There's nothing special or crazy that needs to be assumed for this scenario. The only thing we know for certain is that the baseline amount of ice created in that 0.1 seconds must have been at least enough ice to shield Todoroki from Aizawa's eyesight otherwise the ice would have been halted.

That's what I've been getting at the whole time.

I recommend dropping this discussion point until we need to make a decision about the speed scaling. I'll be posting my proposed version in a few hours; feel free to create your own.
 
Your possibility is not as feasible as the one presented in the calc. Why? Because it's either contradicted or takes too many assumptions about things without evidence.

The problem with your scenario is that the amount of ice needed to make Momo and Todoroki unseeable to Aizawa isn't the same amount required to get that close to him before he cuts his capture tape off.

When Todoroki fires the giant ice wall, in the panel we see the ice wall fully formed, Aizawa is not doing anything. It's only the panel afterwards, that he begins to react to the ice freezing his scarf. He does not start to cut his capture tape at all until the wall is complete. So your scenario is incorrect, because if he saw ice traveling along his tape before the wall was fully formed, he would not have waited until it was fully formed before cutting it. Your entire assumption is being opposed by Aizawa's reaction, because you either have a contradiction, or need to make vast assumptions about his actions with no contextual evidence to support you.

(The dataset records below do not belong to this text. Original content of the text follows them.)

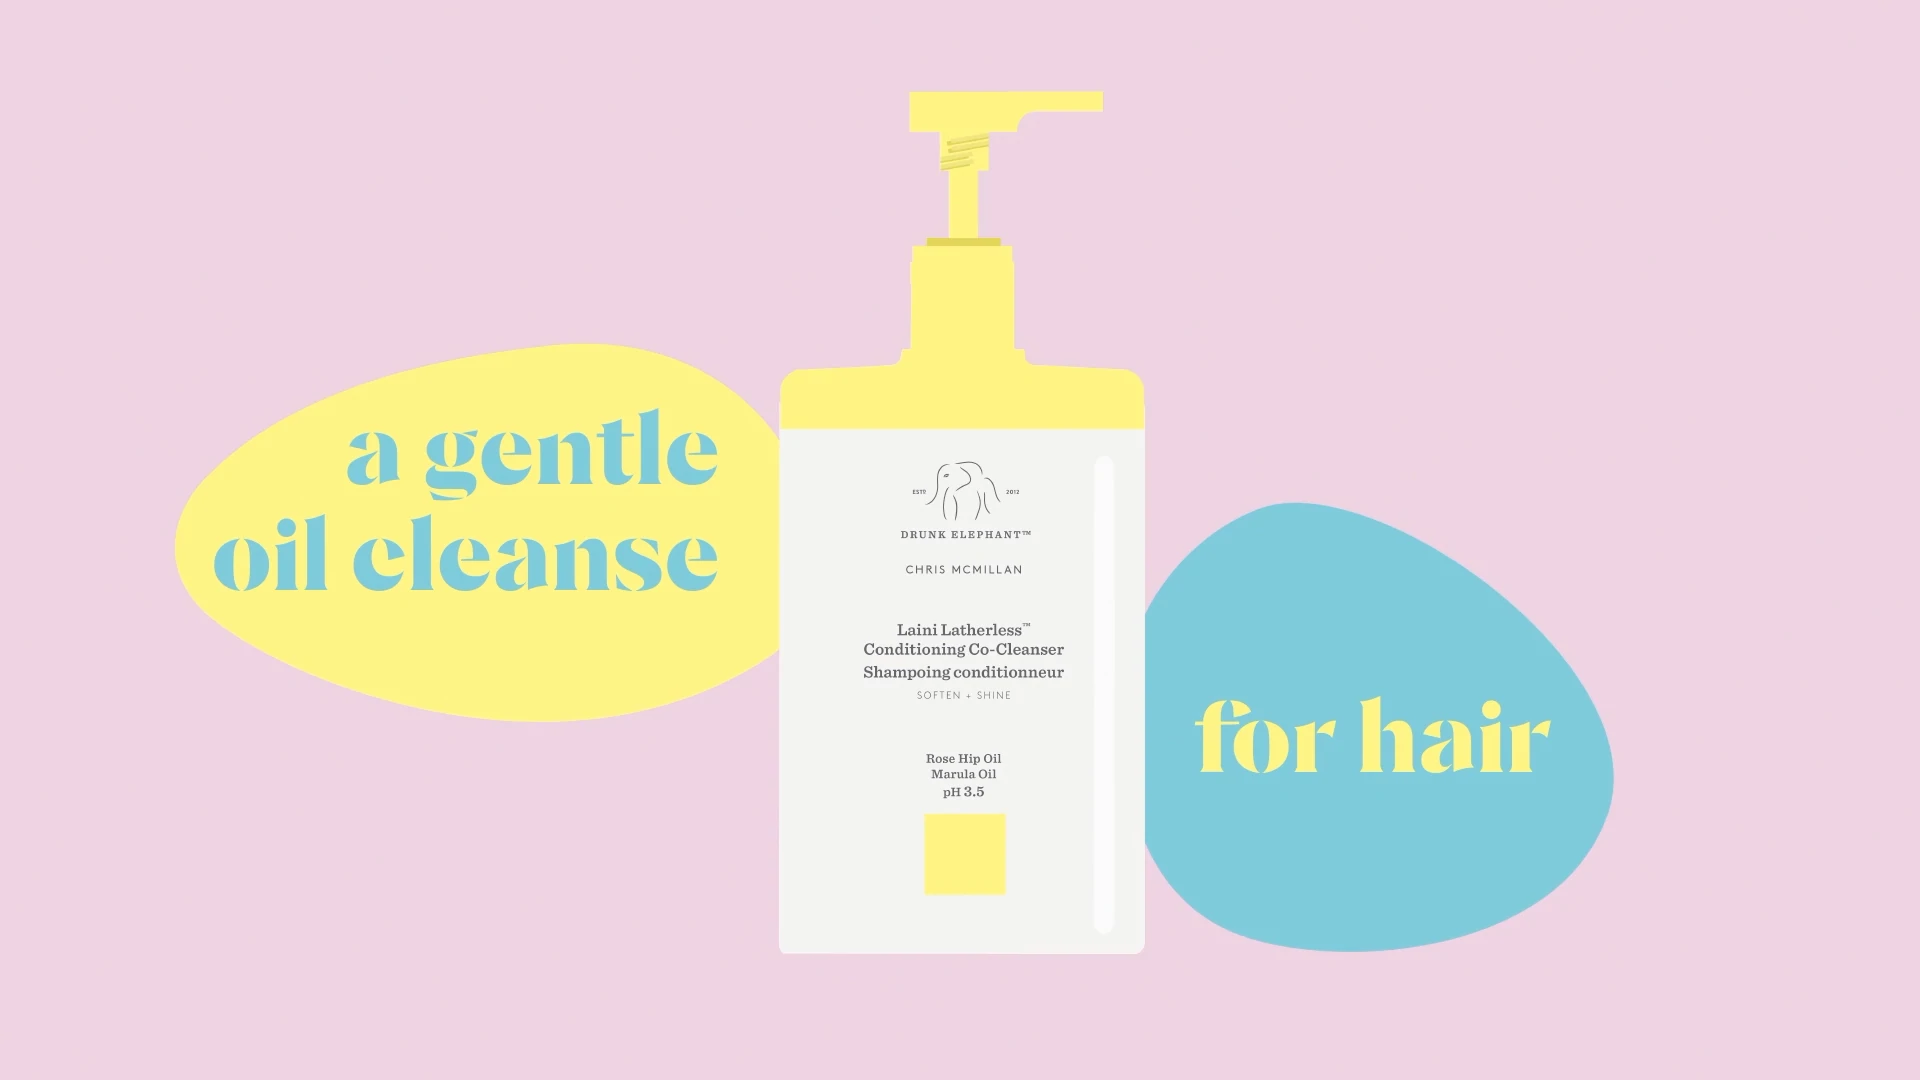 Introducing Laini Latherless: a gentle oil cleanse for hair 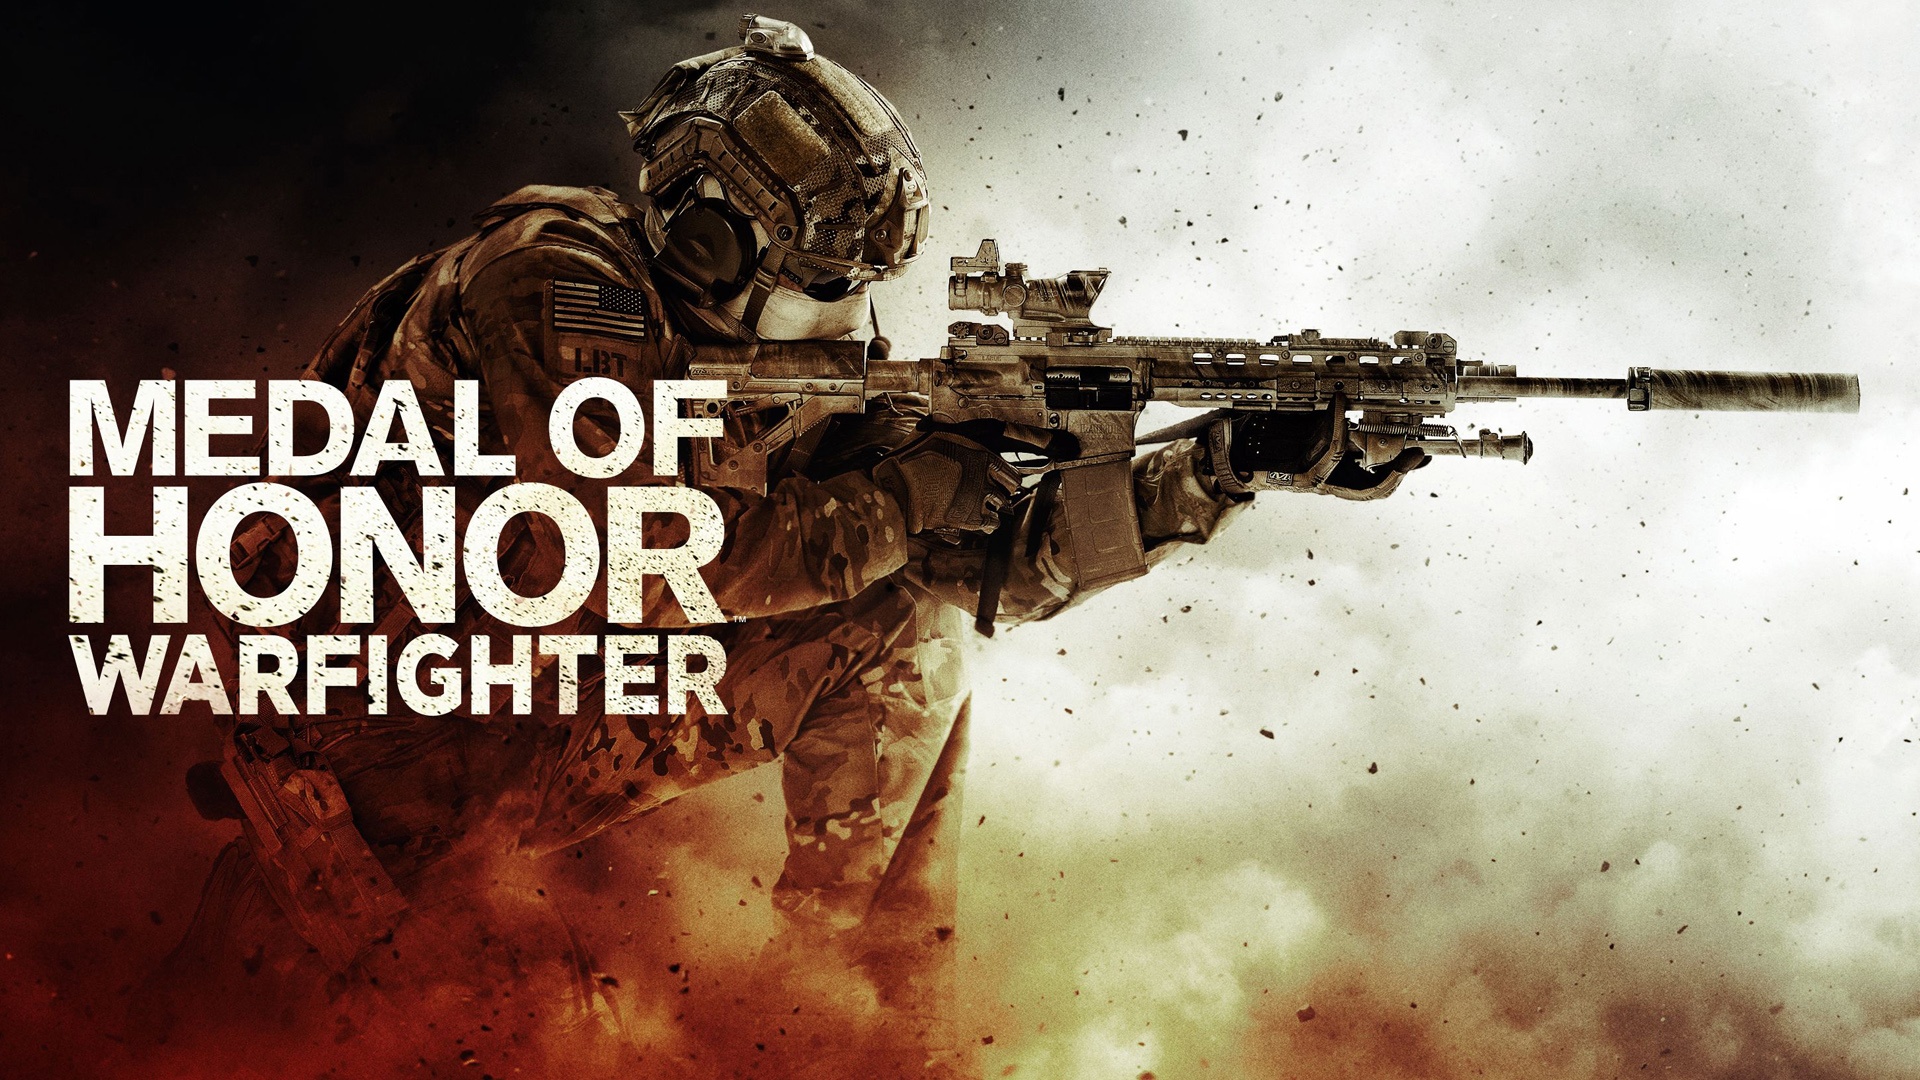 Wallpaper - Medal Of Honor Warfighter , HD Wallpaper & Backgrounds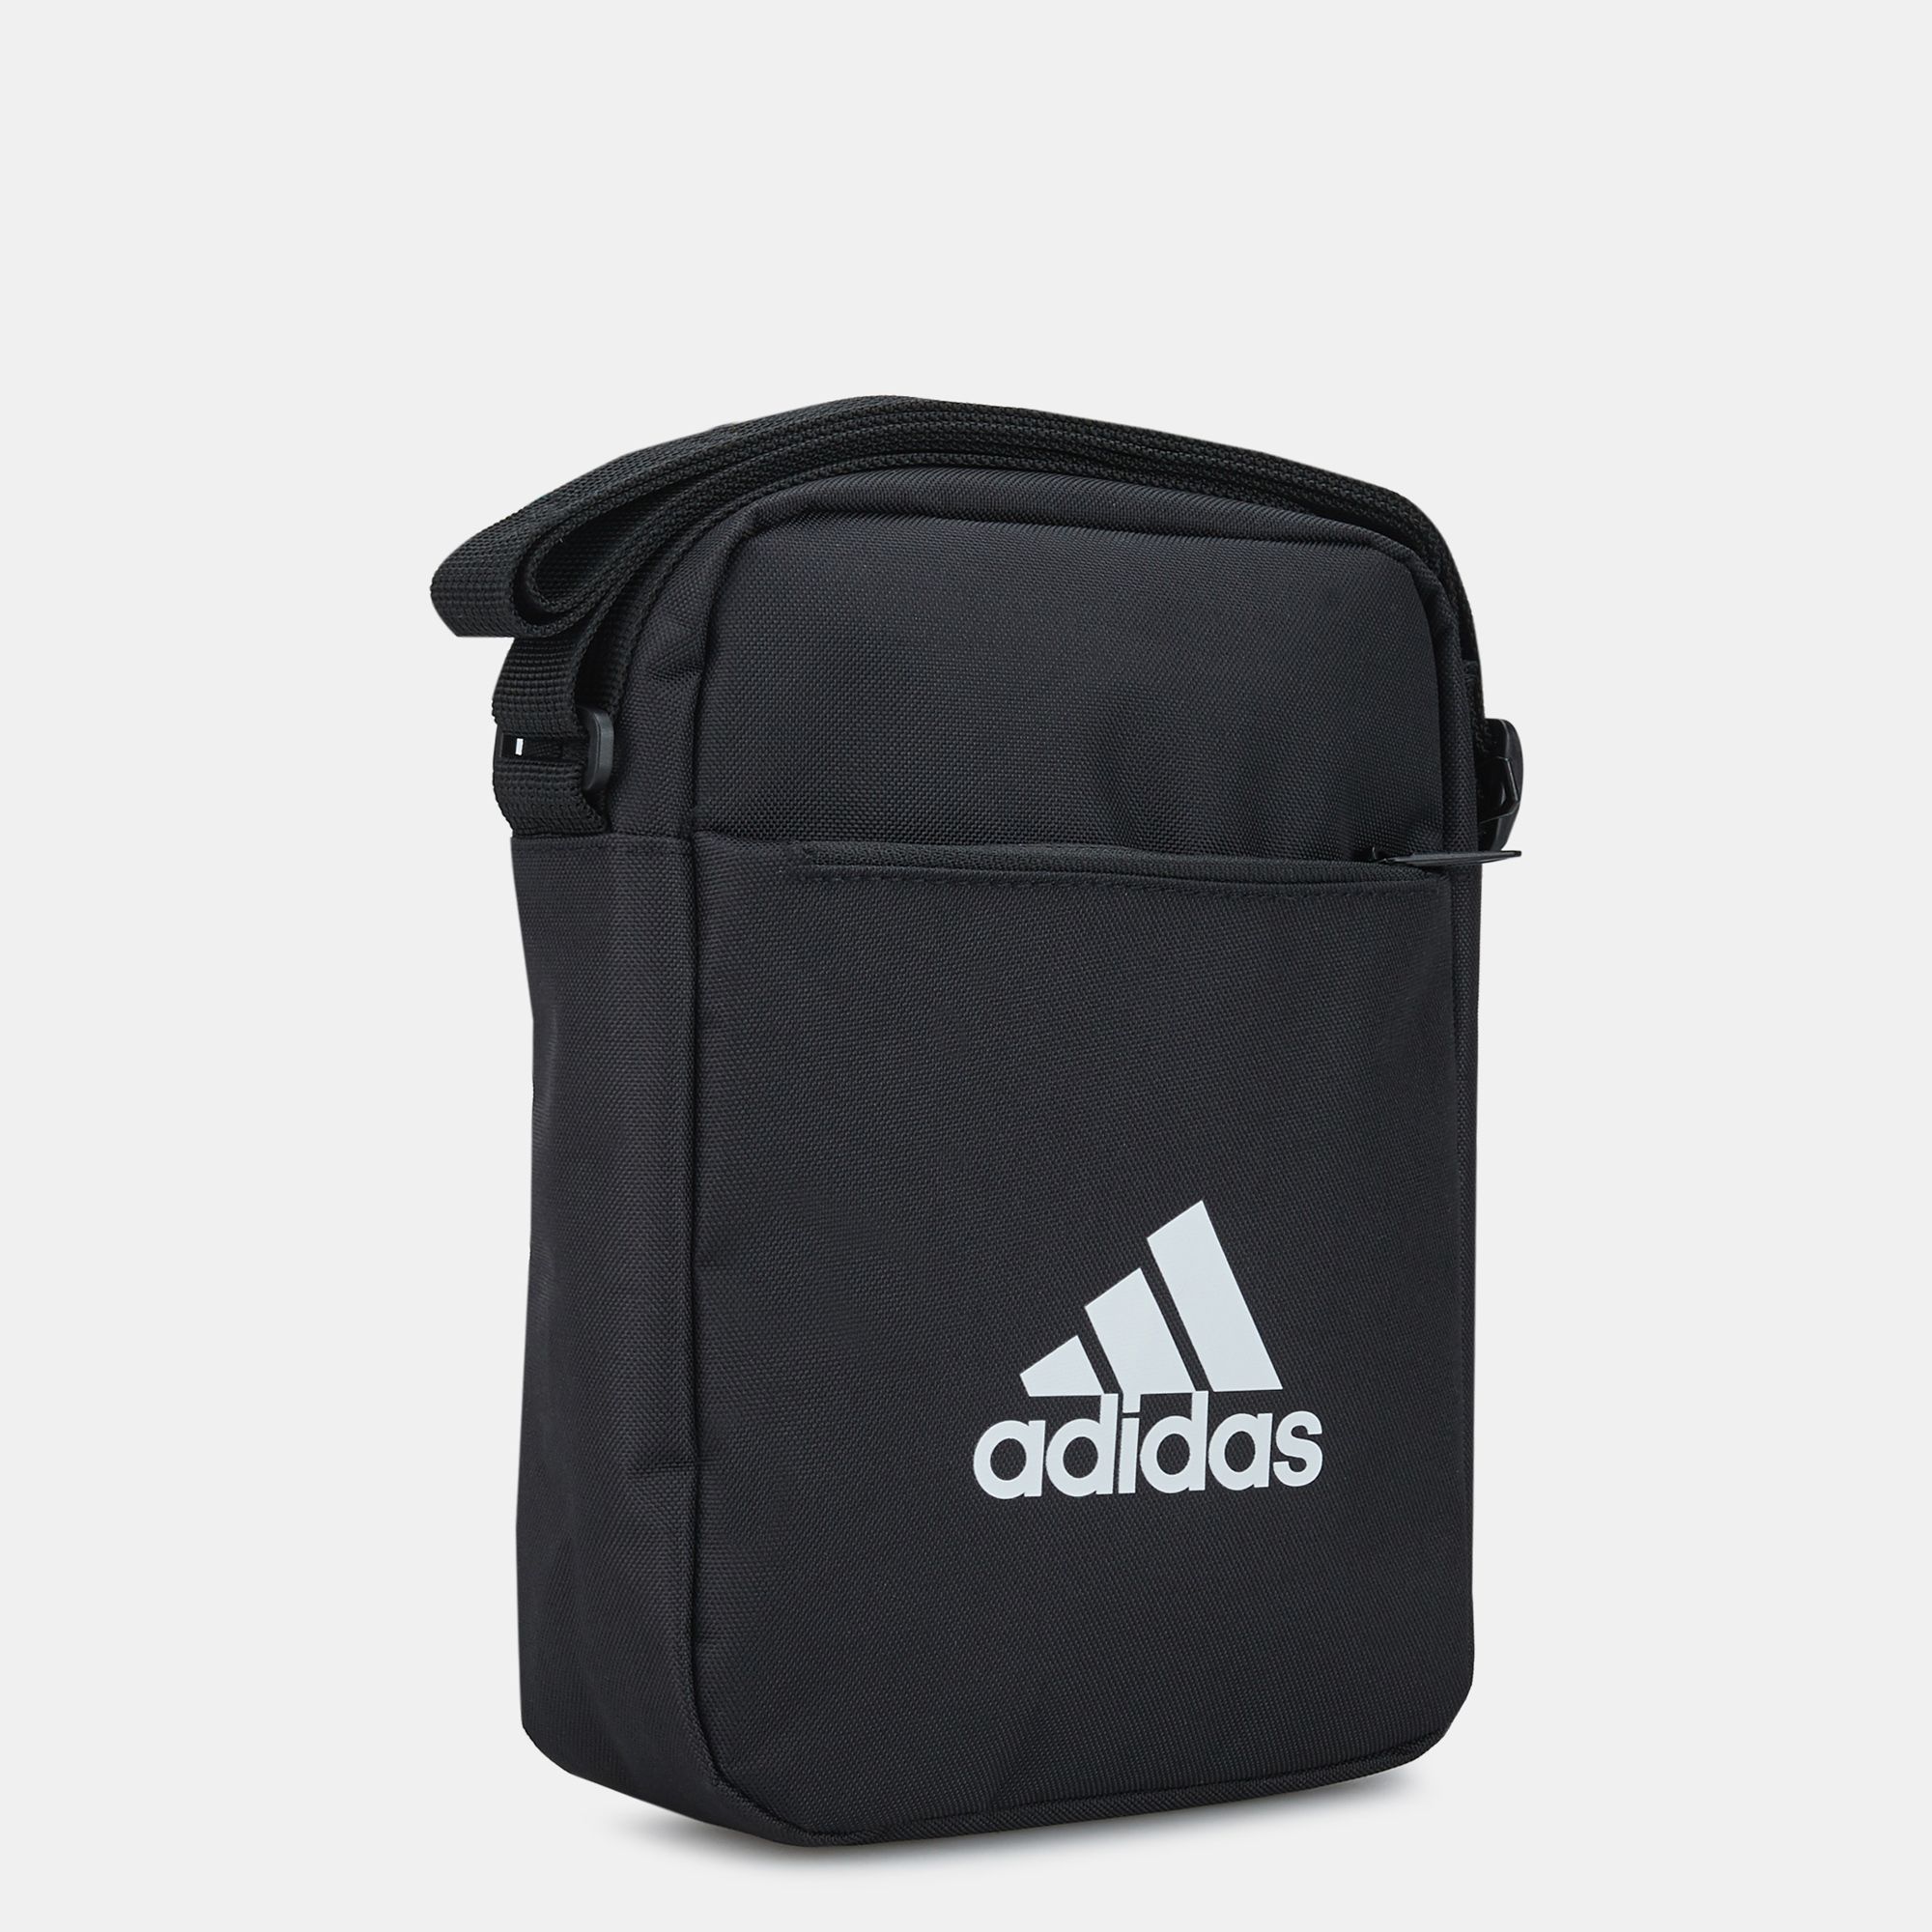 adidas Crossbody Bag | Pouches | Bags and Luggage | Accessories ...

The assumption that Todoroki only made the minimum amount of ice in our given timeframe is not as reliable in comparison to the assumption that he made the maximum.
 
Let's agree to disagree on that for now. This current line of argument isn't getting us anywhere.

I'll get back to this thread when I have the calcs.
 
"Agree to disagree" is the last thing someone attempting to prove something to others should say.

The only reason we're not getting anywhere is because you feel that you don't have to analyze this scene in depth to prove your point. You feel that just saying "this is a possibility" is enough for us to believe you about everything you're arguing for. You want us to completely disregard this feat, regardless of any issues we have with the possibility you're presenting.

Your entire argument stems from a techinicality on Momo's words. Your preconceived notion of what "fire it off" means is the root of your stance, and that is far too loose ground for me to agree.

Your assumption about Todoroki's ice speed is too faulty in comparison to the calc's assumption, so we should not take your assumption to be equal to it, and the calc should be fine.

If your calcs will provide a better argument for your side than the assumptions you're forced to make from the possibility you've presented, I agree.
 
Currently getting an evaluation on a calc, and will be posting about three new calcs over the next couple of days. Sorry it is taking longer than expected, but I would prefer it we could try and sort out the verse's scaling once I have these calcs evaluated.
 
The Mirio one. I'm also evaluating the ice one, just waiting on a response for it.